Lucene Analyzer for Sanskrit: Yep. It provides normalization into SLP1 (i.e., the Sanskrit Library Phonetic basic encoding scheme, an ASCII transliteration scheme) from other transliteration standards in IAST and Devanagari script; syllable tokenizer, word tokenizer that treats compounds lightly, and a separate compound tokenize. That latter tokenizer can distinguish between “S and H” to separate words (desandhification) at the appropriate spot, filter and merge prepositions or “preverbs” to their following verbs, and user-defined or customizable word/compound lists.
There are few open-source tools for Indian languages outside of Hindi, at least tools that are widely available. Besides an analyzer that Microsoft provides, open-source tools are rare. But there are several from the Indian Language Technology Proliferation and Deployment Center identifies the root and grammatical features of words in various Indian languages:
Morph Analyzer for Kannada: root identification and grammatical feature extractor
Asian Languages (Non-Indian)
Because of the variety in characters among Asian languages, there are several that group capabilities for multiple Asian languages together.

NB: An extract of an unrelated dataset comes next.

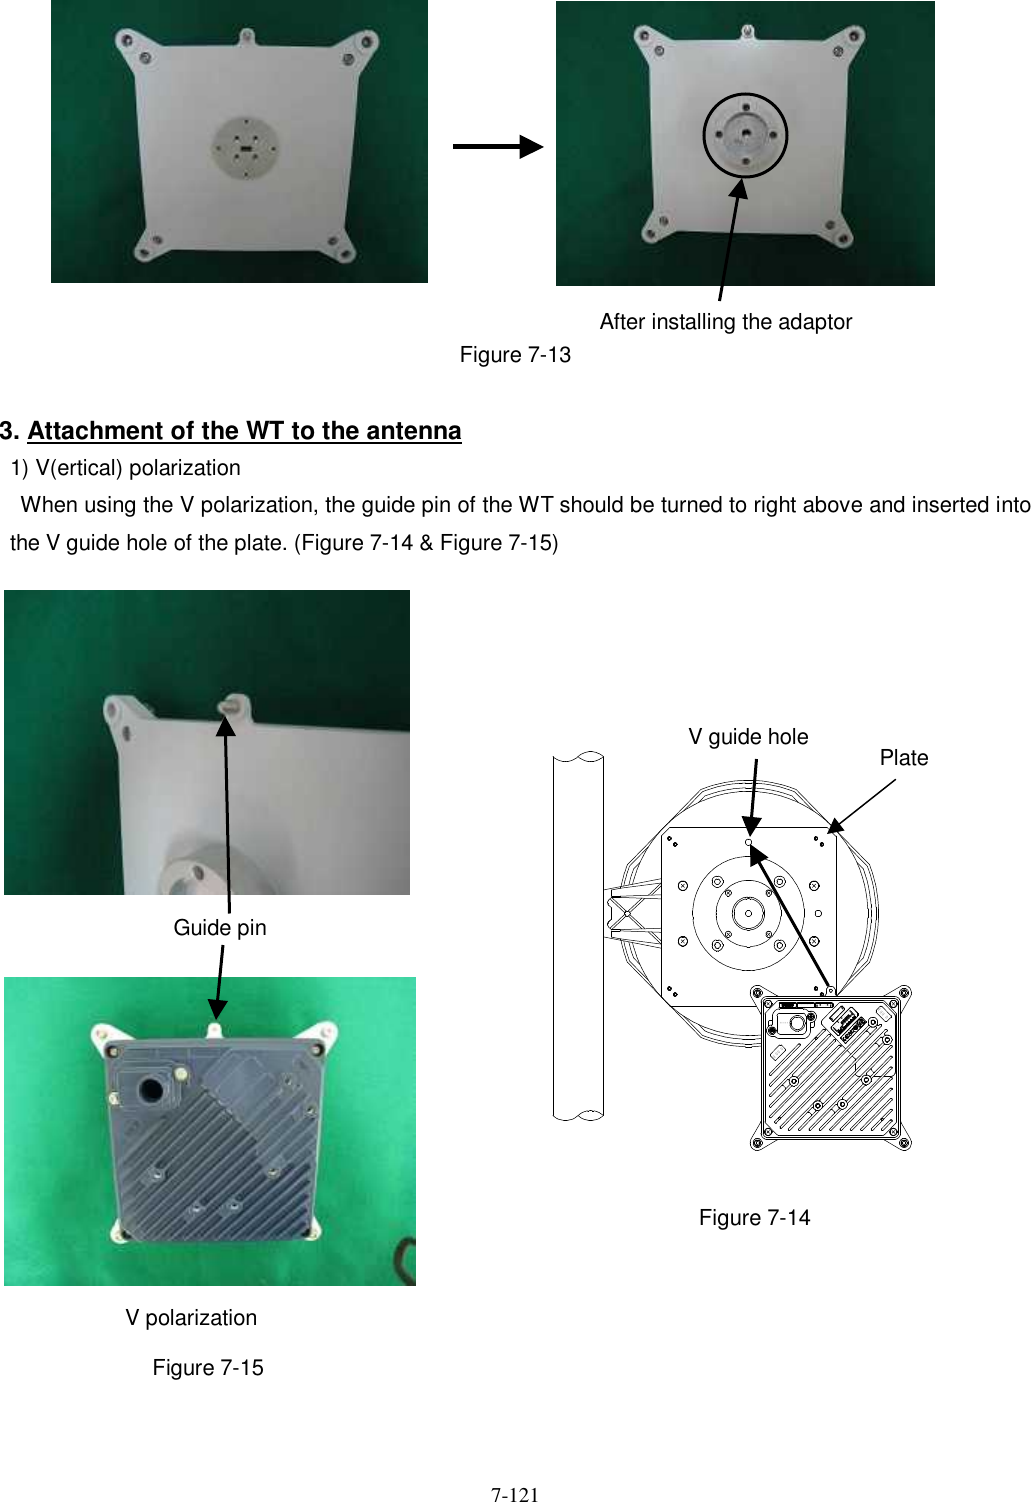   7-121            Figure 7-13  3. Attachment of the WT to the antenna 1) V(ertical) polarization     When using the V polarization, the guide pin of the WT should be turned to right above and inserted into the V guide hole of the plate. (Figure 7-14 &amp; Figure 7-15)                                  Figure 7-14        Figure 7-15   V polarization Guide pin Ｉ Ｃ： ７６ ８ Ｂ−Ｎ Ｔ Ｇ３ ３７ 注 ５ＴＯＰ ＶＴ ＯＰ ＨＥＴ Ｈ ＥＲＩＮＰＵ Ｔ ：Ｓ Ｅ Ｒ ． Ｎ Ｏ ：Ｍ Ａ Ｃ ：．： ： ： ： ：ＭＡＤＥ ＩＮ ＪＡＰ ＡＮＤＣ２ ４Ｖ ０．７ＡＴＹＰＥＷ −Ｗ Ｔ ＜ 注 １ ＞ＦＣＣＩ Ｄ： Ｃ ＫＥＮＴＧ３３ ７ − 注 １ＷＴ ＥＬ２ＭＯＤＥＬ：ＮＴＧ−３３７注２ＲV guide hole Plate After installing the adaptor

Docker-Elasticsearch: For Japanese and Vietnamese; affiliated with neither Docker nor Elasticsearch.
Elasticsearch-for-careers: A Vietnamese-specific analyzer to help with job searches. It is built on with the VnTokenizer included.
VN-Lucene: Also uses VNTokenizer
Lucene Analyzer for Tibetan: Based off Tibetan-NLP analyzers. It includes lemmatization, a list of stop words, a “diacritics transliteration schema” (DTS), syllable tokenizer and affix tokenizer among other language-specific modes like the “PaBaFilter” that normalizes words with either phoneme “pa” and “ba.”